The fact is, that this is now an occasion open to anyone who wants to come; gone are the days of exclusion.

The first sizeable groups to visit the stones in modern times, other than passing travellers and nearby townsfolk were 19th century day trippers; often using the railway to Salisbury as a connecting point. At the turn of the 20th century ownership was transferred from private hands to the nation. Modern day Druids started to hold ceremonies with groups of onlookers. This soon developed into a larger gathering or open fair by the 1920’s, with music and crowds ranging from a few hundred to a few thousand. Later by the 1960’s the site became a focus for counter-culture and a large annual ‘free festival’ started to emerge from 1974 onwards. Several leading figures including Phil Russell, alias ‘Wally Hope’ dedicated the stones as a people’s temple open to all and the developing free festival became the embodiment of these ideals.

In 1985 the growing festival and its associated peace convoy of travellers was brutally ambushed by the police in the infamous ‘Battle of the Beanfield’. In this year the festival was smashed before it even began. An antagonistic exclusion zone was then set up around the stones for what eventually amounted to the next fourteen years. People however, still yearned to gather at this special place and after several years of negotiation, arrangements were finally granted for a few hours of access at midsummer 2000.

The issue of the festival is still a contentious issue. There are those who argue for the right to gather at the stones for a few days and party. The National Trust, who are the major landowners around the site, the police, local residents and English Heritage all continue to express the concern that the original free festival was unsustainable.

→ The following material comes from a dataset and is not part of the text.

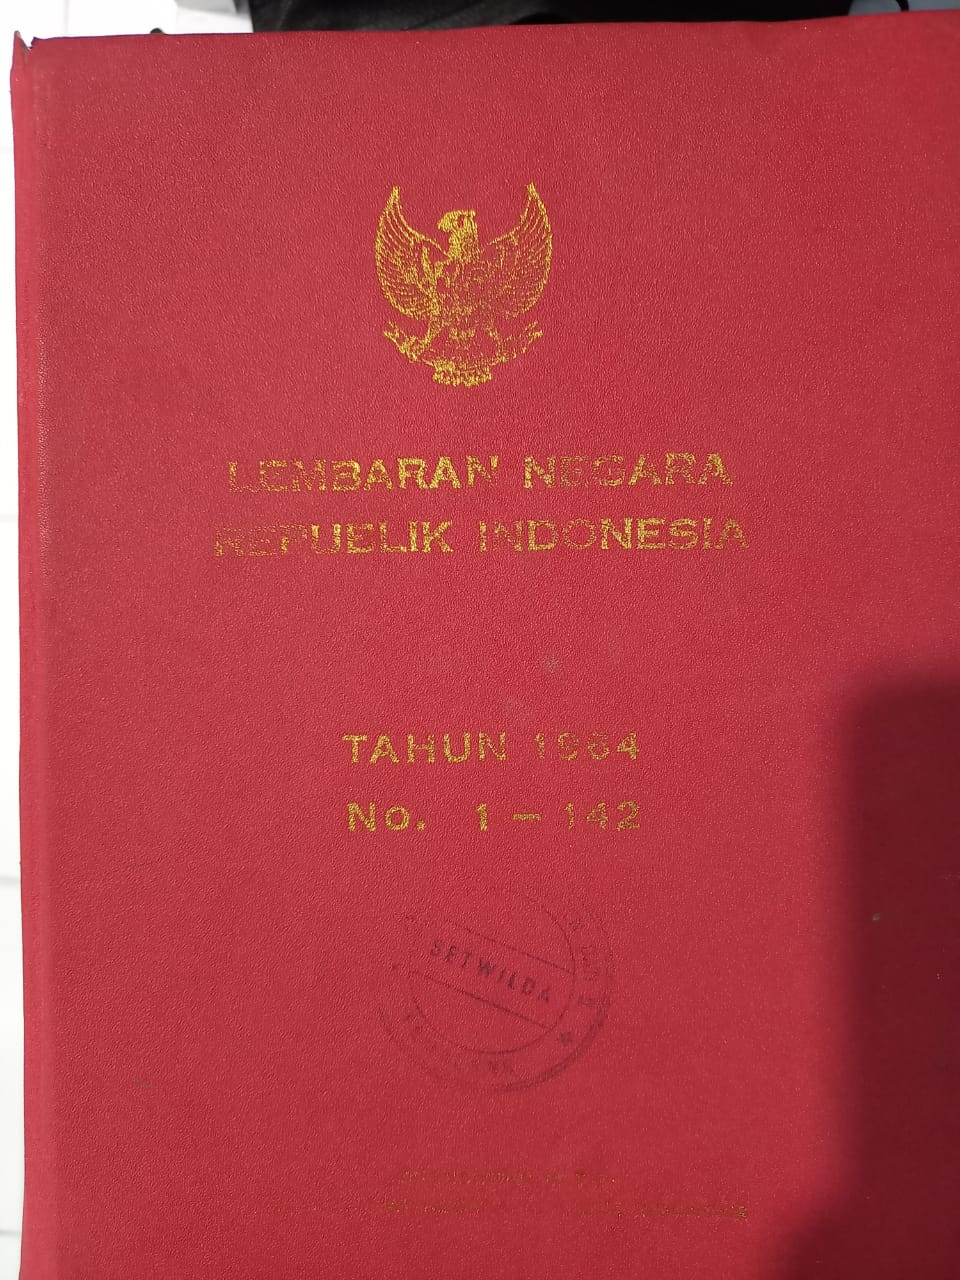 LEMBARAN NEGARA REPUBLIK INDONESIA TAHUN 1964 NO. 1 -142

It had grown out of all proportion to the site and threatened the surrounding landscape.  They believe the same would happen again if another free festival emerged and that the best way forward is through the structure of Managed Open Access (MOA).

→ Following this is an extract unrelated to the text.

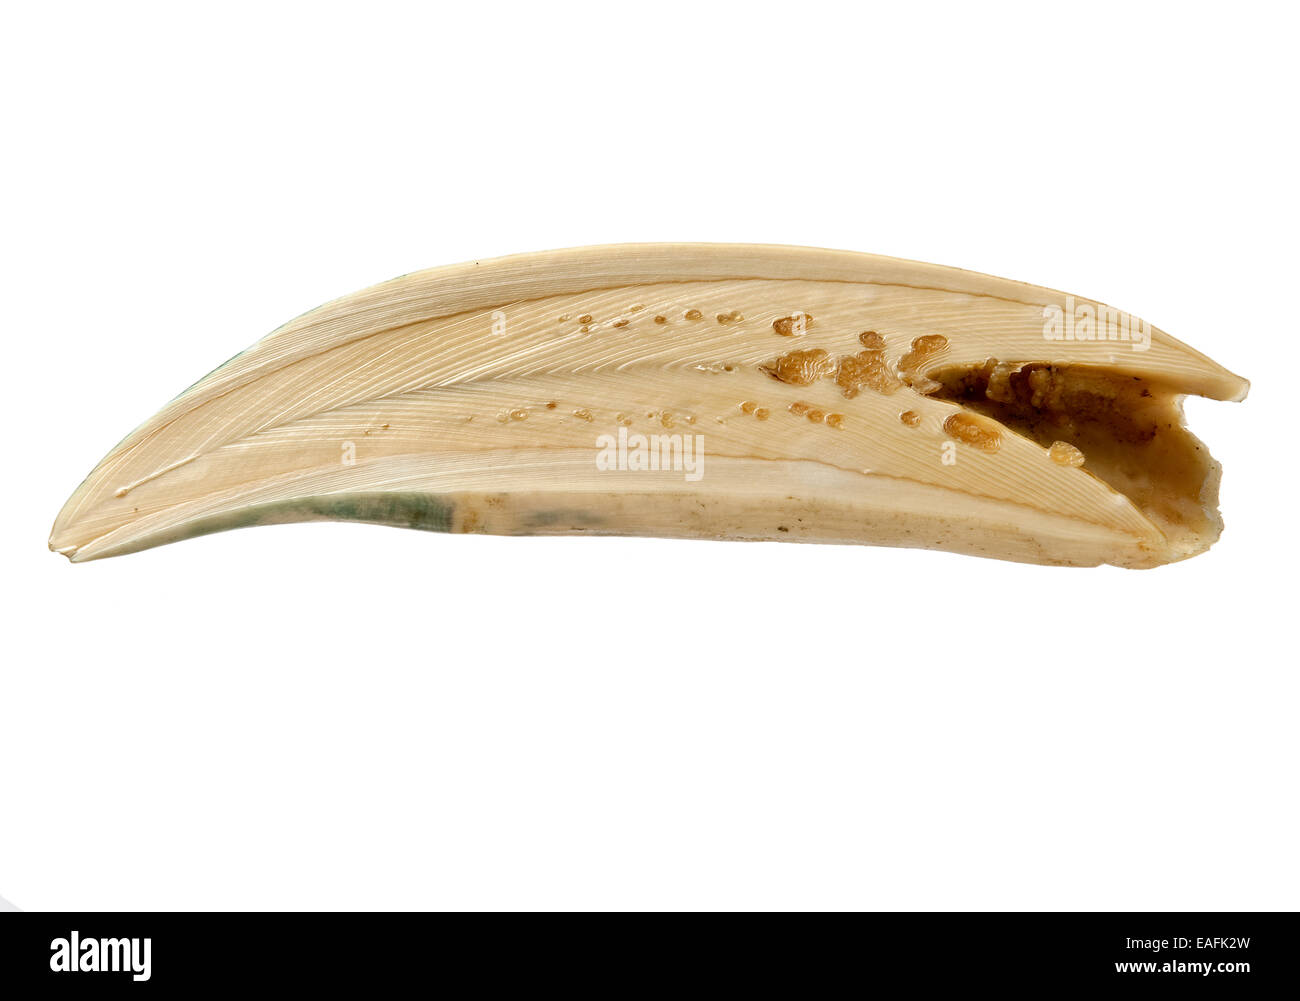 Physeter macrocephalus, Sperm whale tooth Stock Photo

However, there continues to be an open debate about what the nature of the occasion is all about.

In my mind some people still attend the summer solstice celebrations hoping to find a ‘rock’ festival with bands, DJ’s, dance tents and headline acts taking centre stage. When, in fact today they actually get a ‘rock’ festival with ‘rocks’ of the stone variety. This can result in a number of people wandering around not being exactly sure what to do with themselves in the absence of ‘amplified’ music. It is possible that a supporting festival could be provided at an alternative location to cater for those with music on their minds. This happened in part with the 2006 Somerset based ‘Sunrise Festival’ and subsequently attendance at the celebrations was lower than usual. Andy Worthington notes this distinction as follows;

‘Even during the festival years, the number of people actually visiting the stones on the solstice was rarely more than a few thousand, a situation that concerned Bev Richardson, who noted that, as the festival grew, the spiritual significance of the temple dwindled, so that two thirds of those attending the festival in 1977 visited the stones at the solstice, but only a thousand out of 40,000 did so in 1984’. (1)

Crowd numbers are another major factor concerning the modern celebrations. This happened in 2003 when the MOA fell on a weekend for the first time and 30,000 people turned up. The management of such large numbers is a real concern for English Heritage. It is possible that attendance might increase again, but since the high point of 2003 numbers have generally levelled out at about 21,000. This proves that the appeal of the gathering does indeed have its limitations, especially when other factors such as the weather, a midweek solstice and even *England international football matches are taken into consideration.

Entering the solstice space of MOA the central horseshoe of the main circle is filled to capacity with revellers cheering to an undulating beat of drums. The majority of the crowd, however, sit and stand outside waiting for the sun to arrive under the ambient glow of mobile flood light units. A simple sheet of rules known as the ‘Terms and Conditions of Entry’ is provided to all attendees. Apart from the time of sunrise and the preceding sunset, there is a distinct lack of information about the main torch-lit parade and Druid ceremony. Yet, even with this lack of knowledge about things to do, the celebrations are a major draw. The lack of any structure is there to allow the occasion to develop from the ground up rather than be imposed from the top down. Revelry and drunkenness is a common feature of the solstice and many do go there to get high. However, if the event is to move forward the provision of more information with the emphasis on the positive would be a good idea. For most, having a drink at the solstice is no more than a social lubricant, but unfortunately for a small minority the drunkenness can take on a slightly anti-social element with sometimes misplaced exuberance around others, especially those with young children.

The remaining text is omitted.